I poured another cup of coffee and let Moose take a nibble of cream cheese from my fingers. As I stroked his head, I remembered
Danny's words about Matthew Shepard. I had thought about him more in the last month than I had when Shepard's death hit the papers.

“I wanted to start a sensitivity program,” I told my father, “meeting with students to talk about their attitudes. That sort of thing. But the administrators wouldn't let me.”

“I guess they're scared, Beth. They don't want to open a can of worms.”

“But it's not right. Not doing anything, I mean. Ann's a great teacher. She really cares about the kids, and there's never been any trouble with her. But now, all of a sudden, they look at her differently, and all the good she does doesn't count anymore. All that seems to matter is that she's a lesbian.”

Dad reached for the oatmeal cookies I'd put out, dipped one into his tea. “You're right, Beth. That teacher's private life shouldn't make a difference. But you're wrong if you think it won't. Because some people feel threatened by anyone who's different.”

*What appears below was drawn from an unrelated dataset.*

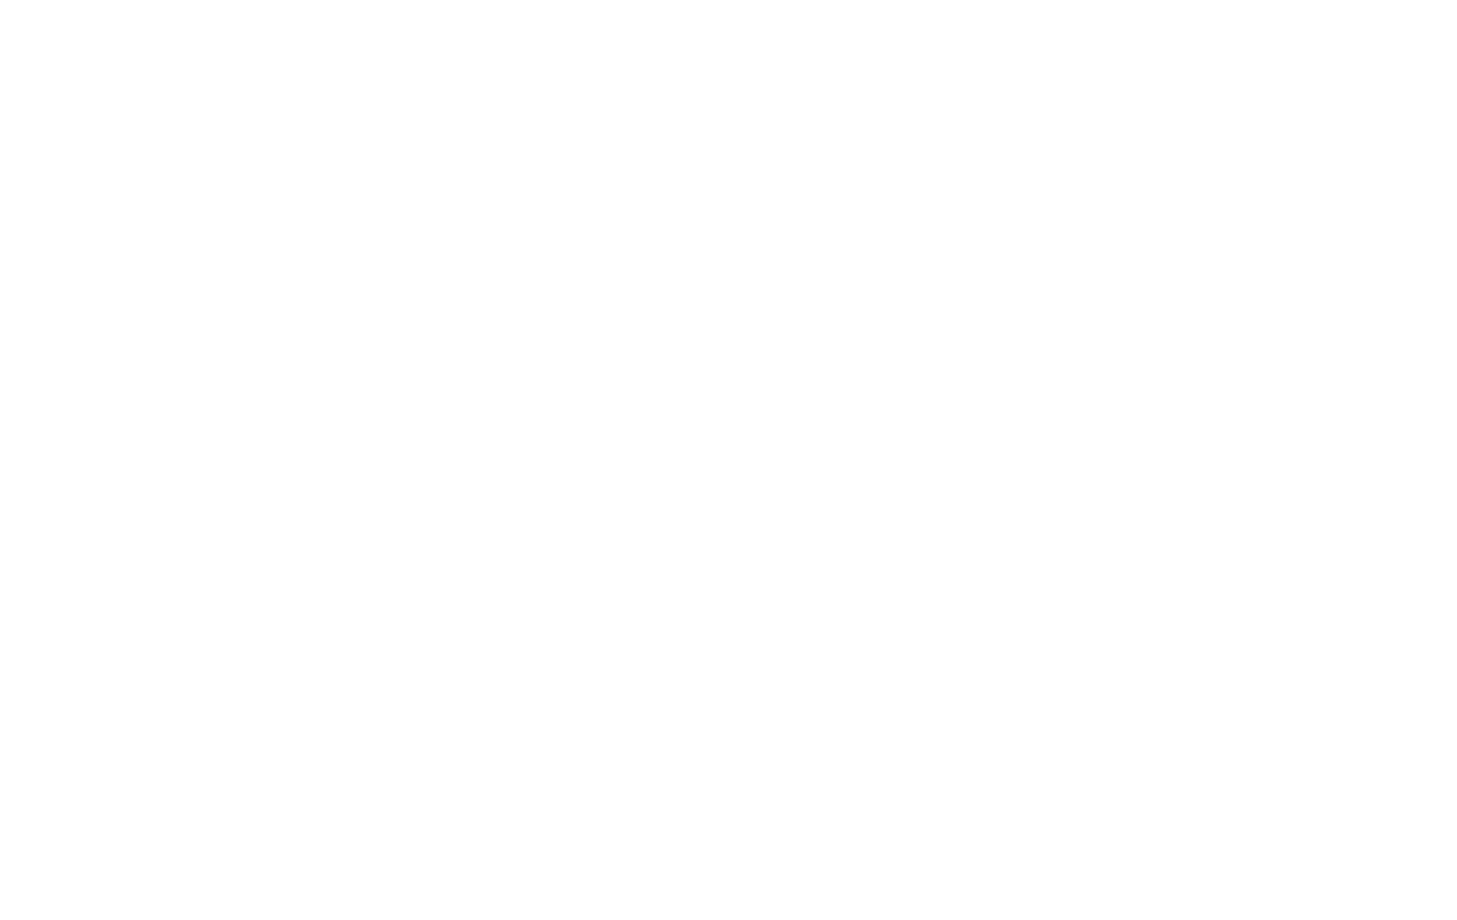 Hawker Motors
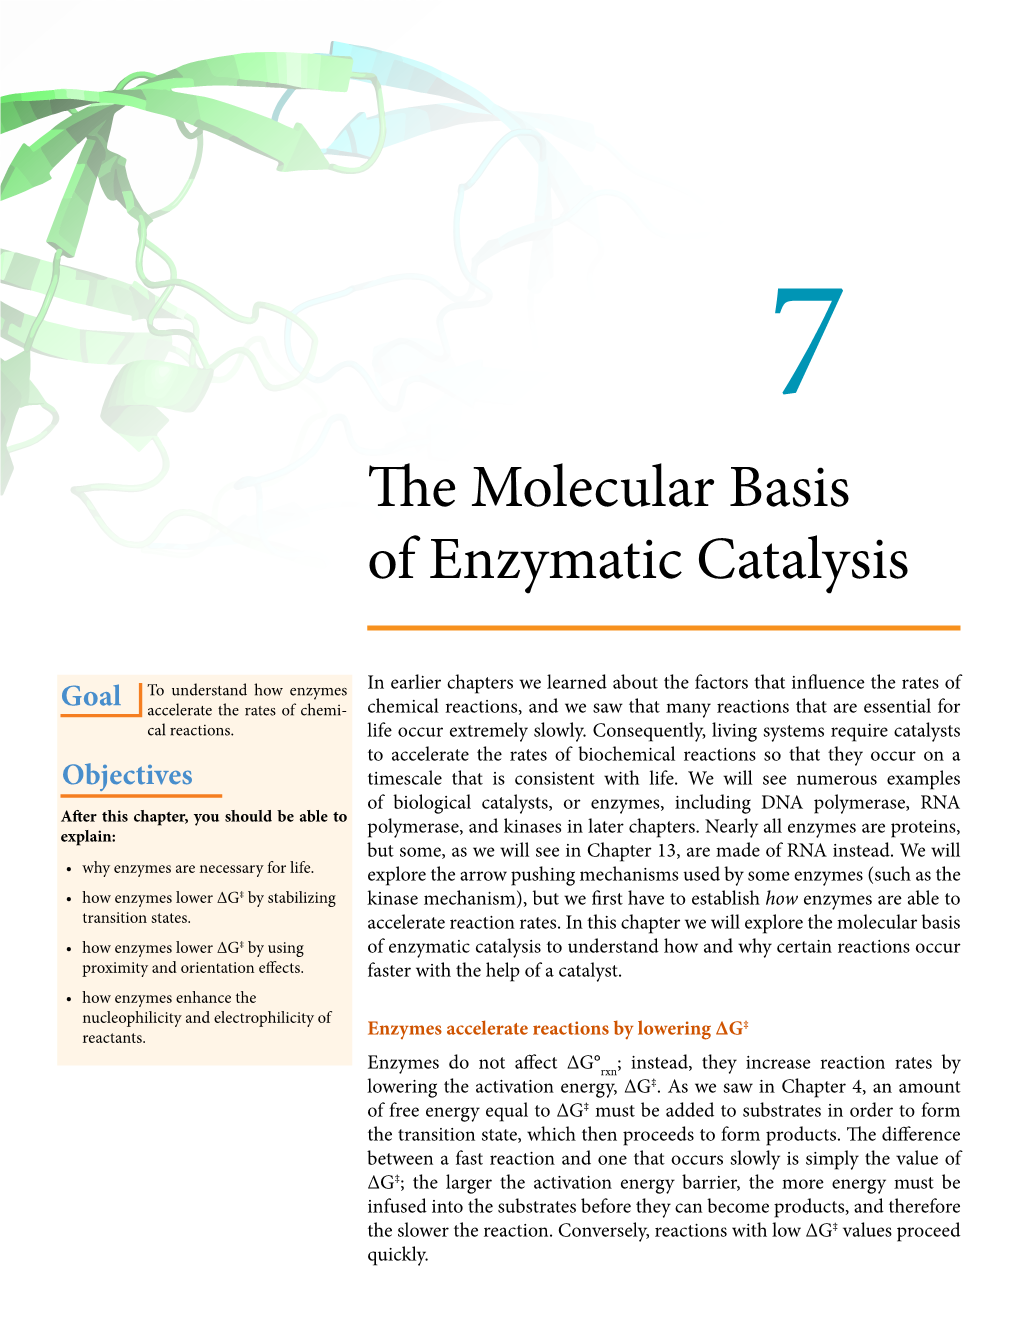 The Molecular Basis of Enzymatic Catalysis

“But how could Ann be a threat to anyone? It's not like they don't know her. She's been in Meadow Brook forever.”

“Come on, honey. People are threatened by what they don't understand. They think what they've been taught is right and anything else is wrong. And when they think something's unnatural, well … they just want to protect their children from it. They just think it's wrong. Plain and simple. Maybe some parents think that gym teacher could influence their kids to be gay. And that's not okay with them.”

Dad unknotted my thoughts the way he used to fix my mother's thin gold chain I once wore. Listening to him that night, I was a little girl again, asking Daddy to make the chain smooth.

“So you know what you have to do, Beth?”

I shook my head and waited for Dad to finish taking out the knots.

“Just keep doing your job the way you always did, because Meadow Brook's the same as it always was. That gym teacher's no different than she was the day before that sign was posted. And all those people who are scared are the same as they've always been too. That sign didn't change them one bit. And you know, honey, it didn't change you, either. So, like I said, just do your job the way you always did, because you're the same person you always were.”

The moment my father said that, I knew he was wrong. I wasn't the same person at all.

 

Dad left just before Joe got home. I heard the crunch of gravel on the driveway a minute before Joe opened the kitchen door. “Was your father here again? I thought I passed his car at the corner.”